Thousands left homeless by latest Italian earthquakes
Italians demanded that more money be spent on making buildings resistant to earthquakes, as the country counted the cost yesterday of twin quakes that reduced villages in the Apennines to rubble and left thousands homeless.
Several thousand people were preparing to spend a second night in community halls, sports centres or in their cars after the earthquakes struck within two hours of each other on Wednesday evening.
The second quake was the most powerful, measuring 5.9 in magnitude.
Casualties were far less severe than two months ago, when a 6.0 magnitude earthquake hit a string of villages in central Italy, leaving nearly 300 people dead.

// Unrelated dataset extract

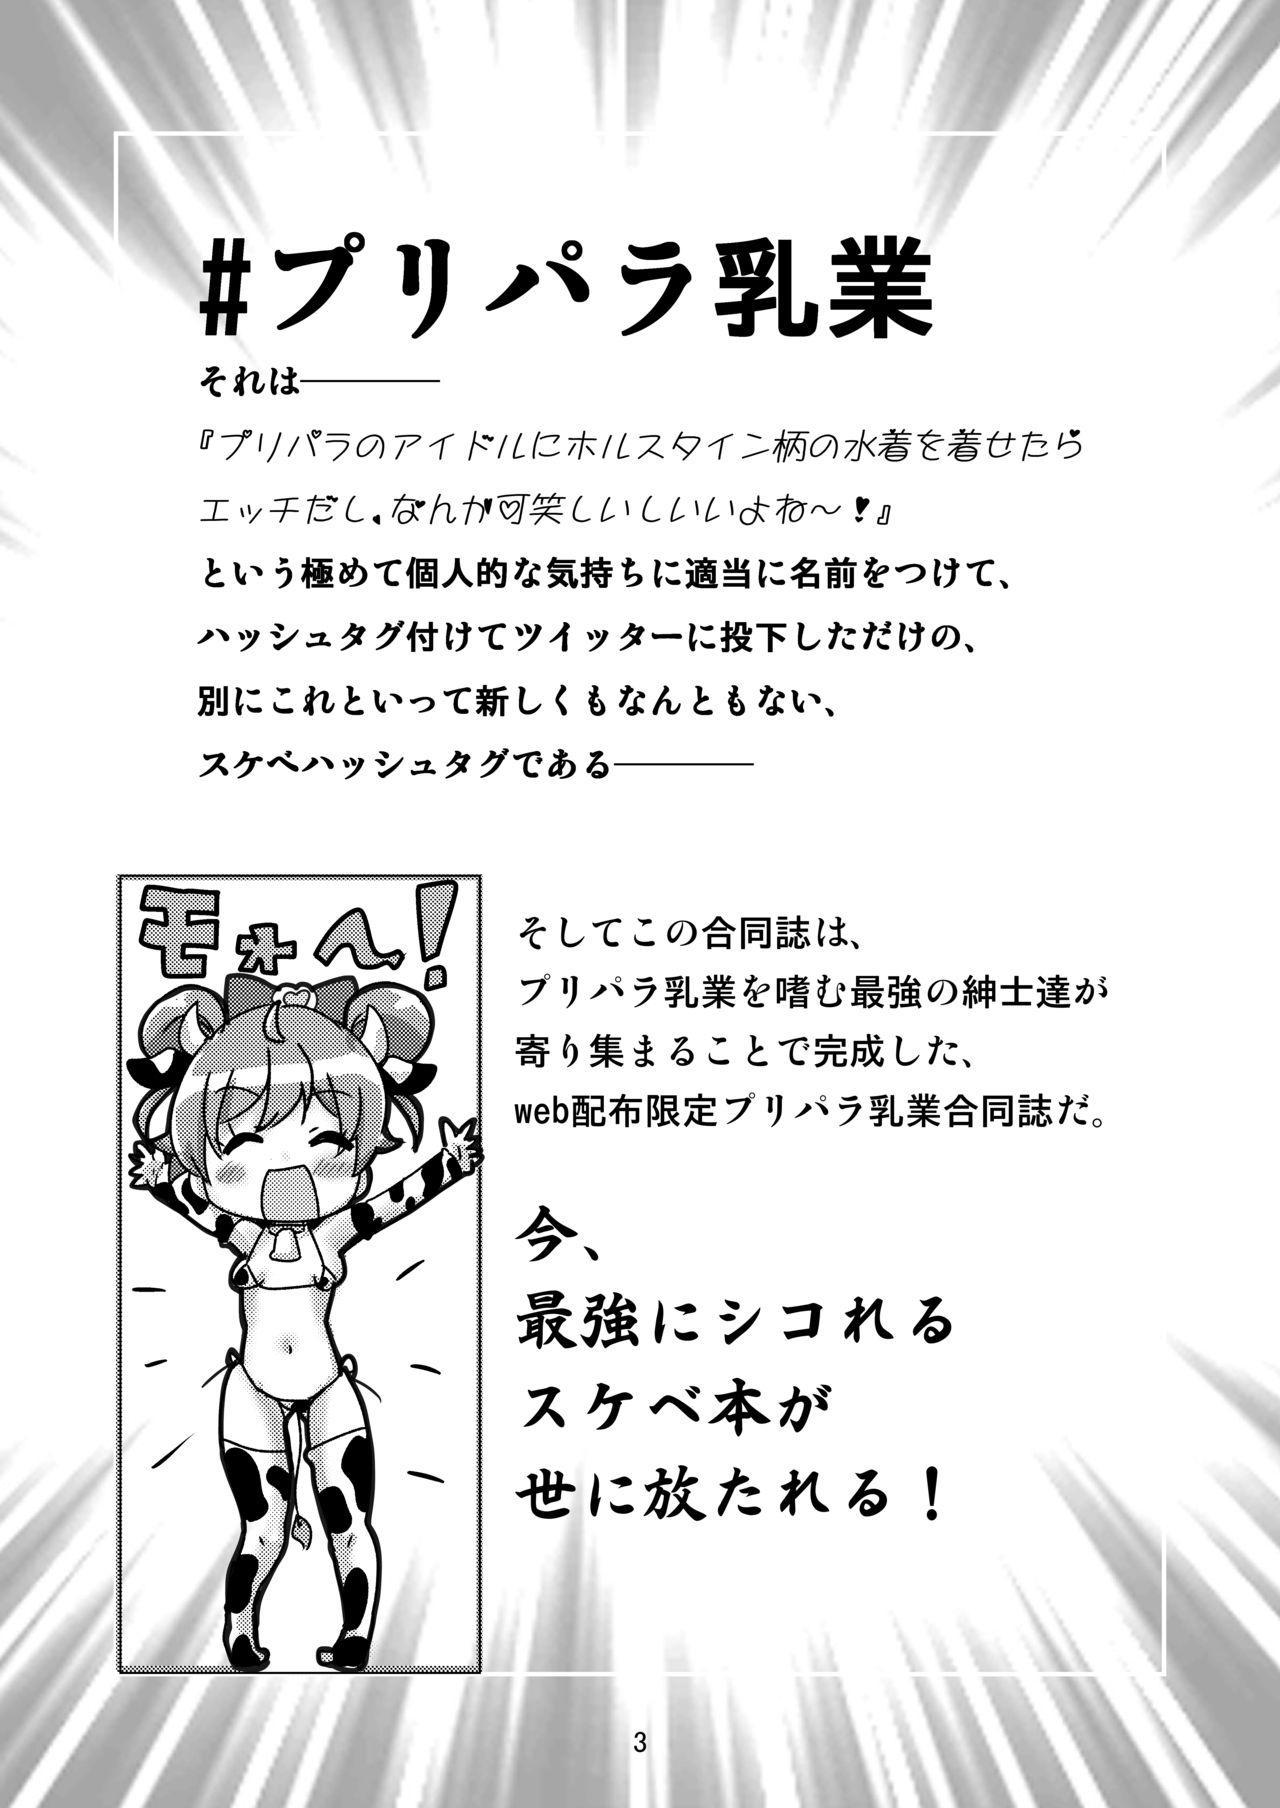 [よだか超新星 (Various) PRIPARA MILK (PriPara) [Digital] 2

This time, only one person died - a 73-year-old man who had a heart attack, brought on by shock. A few dozen people were treated for injuries.
Wounded
Matteo Renzi, the prime minister, cancelled engagements and travelled to the town of Camerino in the Marche region to meet some of the 3,000 people who have been left homeless. "Italy is wounded, but will not be bowed," he said.
He pledged that the homeless would not have to live in tents through the winter months. "I'm optimistic that we can rebuild," he said.
Opposition politicians and ordinary Italians said the government needed to spend more money on quake-proofing buildings, rather than on other mooted projects such as building a suspension bridge across the Strait of Messina to connect the mainland to Sicily.
Mr Renzi revived the proposal last month, promising it would create tens of thousands of jobs, but there are fears it would cost billions of pounds and that funds would be siphoned off by mafia organisations.
"The only big project that this country needs is to make public buildings safe [from earthquakes]," said Paolo Ferrero, of the Leftist PRC party.
"Renzi should stop blathering on about the Messina Strait bridge and stump up the funds needed to prevent buildings from collapsing in the future."
He called for €20bn to be made available to quake-proof vulnerable buildings.
Geologists said Italy was such a seismically-active country that the only option was to learn to live with the threat by strengthening buildings.
The two quakes struck barely two hours apart so many people were out of harm's way before the second, more powerful quake hit.